I developed an implementation of Message Passing Interface(MPI) in software for TRIPS. I implemented about 20 commonly used MPI routines. I am working on the performance analysis now.
In this project jointly with Suriya , we developed a framework for generating custom hardware to execute streaming applications. We accept streaming applications written in StreamIt and generate synthesizable Verilog code. This Verilog code is synthesized using the Synopisis Verilog compiler to produxe RTL. This is equivalent to the hardware that performs the application in hardware.
High performance implementation of Cholesky factorization on SMP architectures - Project report
This project explores multiple ways of partioning, parallelizing and scheduling Cholesky factorization, within the OPENFLAME framework.
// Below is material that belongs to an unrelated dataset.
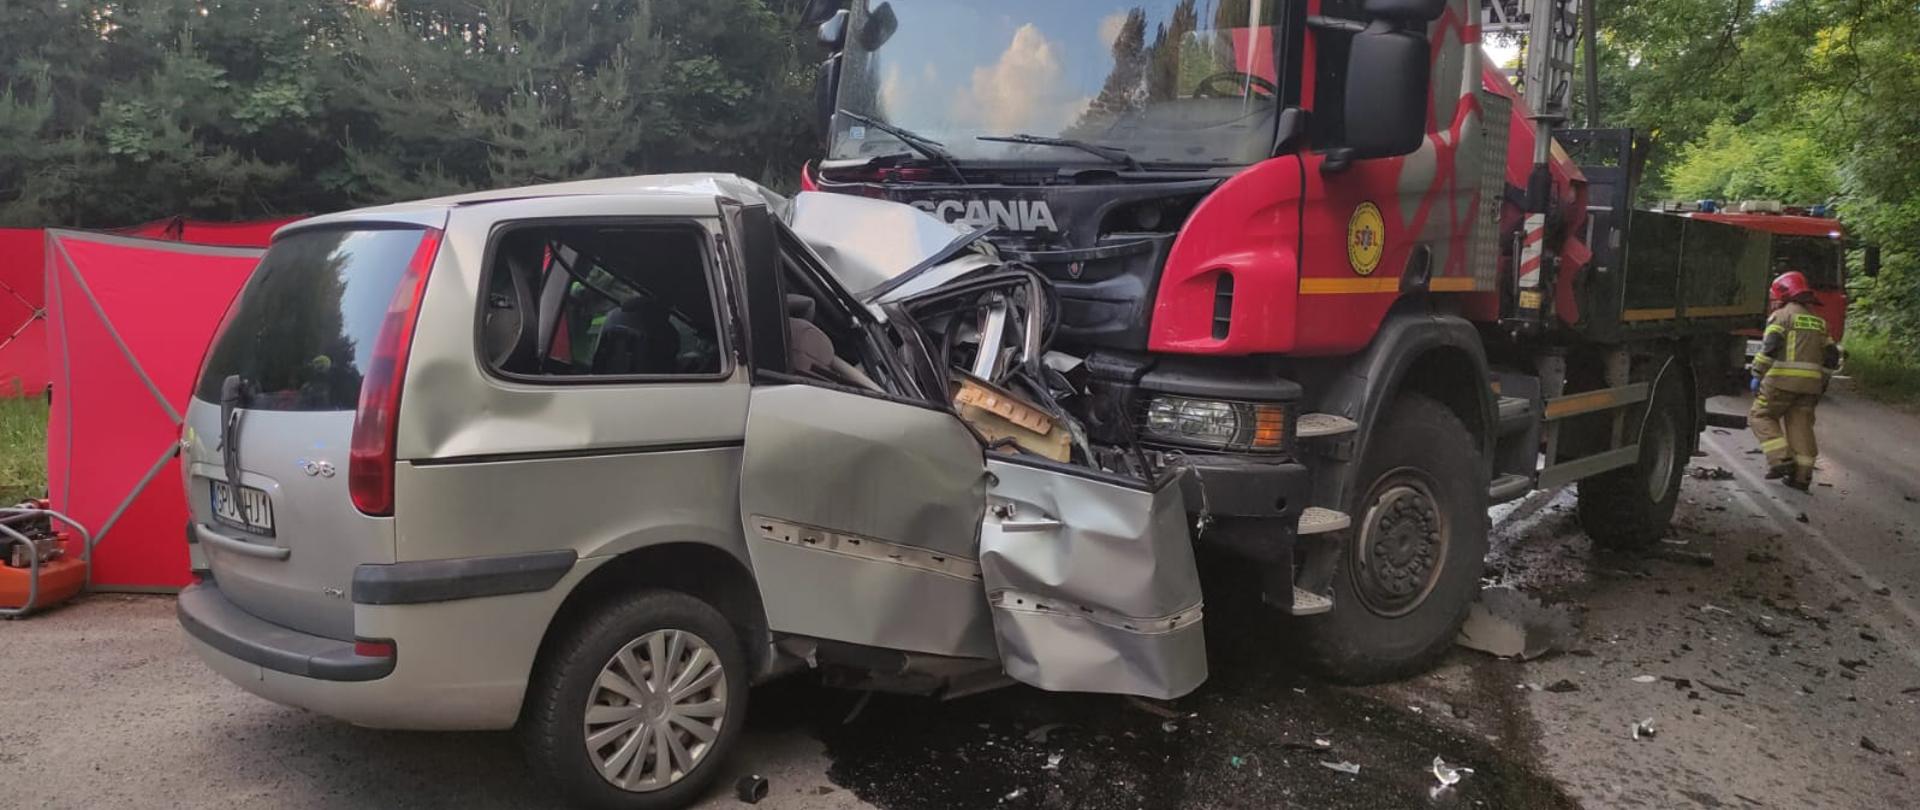 Na zdjęciu widoczny samochód osobowy (minivan) koloru srebrnego, który wbił się pod samochód ciężarowy. Przód samochody osobowego cały rozbity.. Spod samochodu wylały się płyny eksploatacyjne.

This project explored the various approaches for the design and implementation of the Pattern Matching
kernel on TRIPS SVM system to exploit the available parallelism and hide communication latency
efficiently. Pattern Matching being a embarassingly parallel application, it was shown that the TRIPS SVM
system generates a speedup of nearly 4x with 4 processors versus the uniprocessor version.
Projects prior to grad school
Basic Block Architecture for Power Saving
Basic Block Architecture for Power Saving (B2APS)” introduces a new approach towards power saving
with no compromise in performance. The principal aim of this approach is to handle the entire architecture
in terms of basic blocks with compiler support and restructure the underlying architecture to handle blocks
and implement deterministic clock gating techniques. The proposed area of focus includes cache, register
files and pipeline units and functional units.
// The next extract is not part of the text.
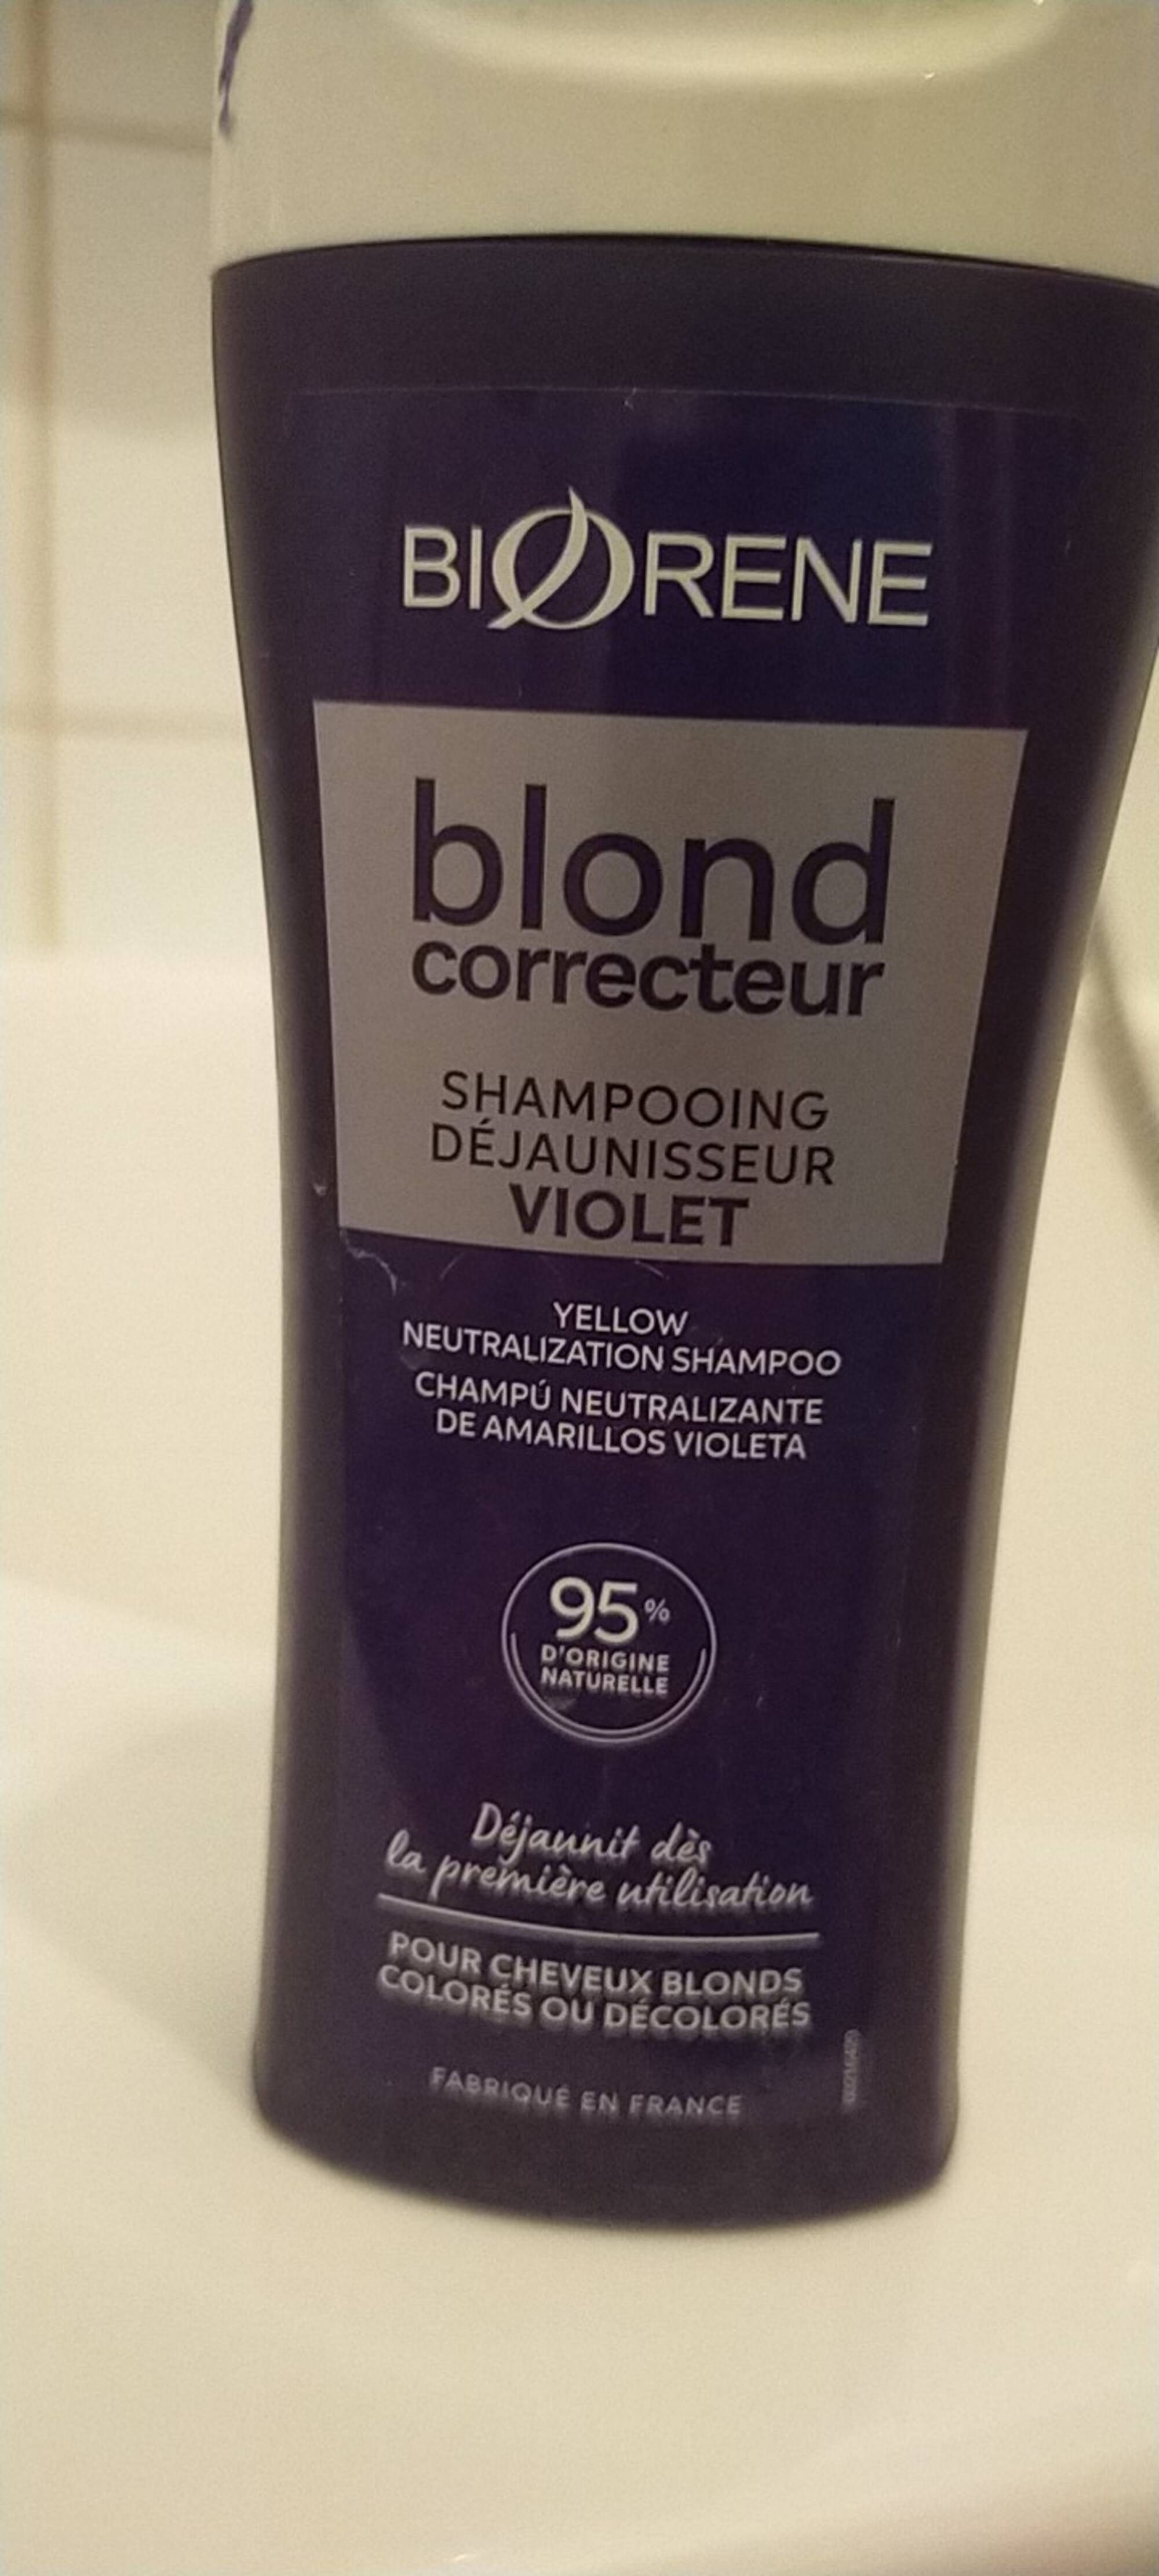 BIORÈNE - Blond correcteur  - Shampooing déjaunisseur violet

Thread selection for SMT processor based on Function Unit usage in hardware.
Thread selection for SMT processor based on Function Unit usage in hardware.
The performance of a simultaneous multithreading processor depends on the ability of the processor to
exploit the choice available during instruction fetch, and hence a good thread selection mechanism should
be in place. This project implemented such a mechanism of thread selection by predicting the usage of
functional unit (FU) in hardware, using SMT Simple scalar simulator. It was observed that the proposed
mechanism was effective with benchmarks that involve extensive floating point and integer computations.
In most other benchmarks, thread selection based on ICount gave better performance in terms of IPC.
Implementation Of Pthreads and OpenMP In An MPI Environment Project report
The aim of the project is to obtain optimal performance from both the processors of all the using MPI for
internodes communication and Pthread/OpenMP for parallelizing computation (intra node).
Using Chaos theory for Steganography
I developed a stegonography method using chaotic random generator.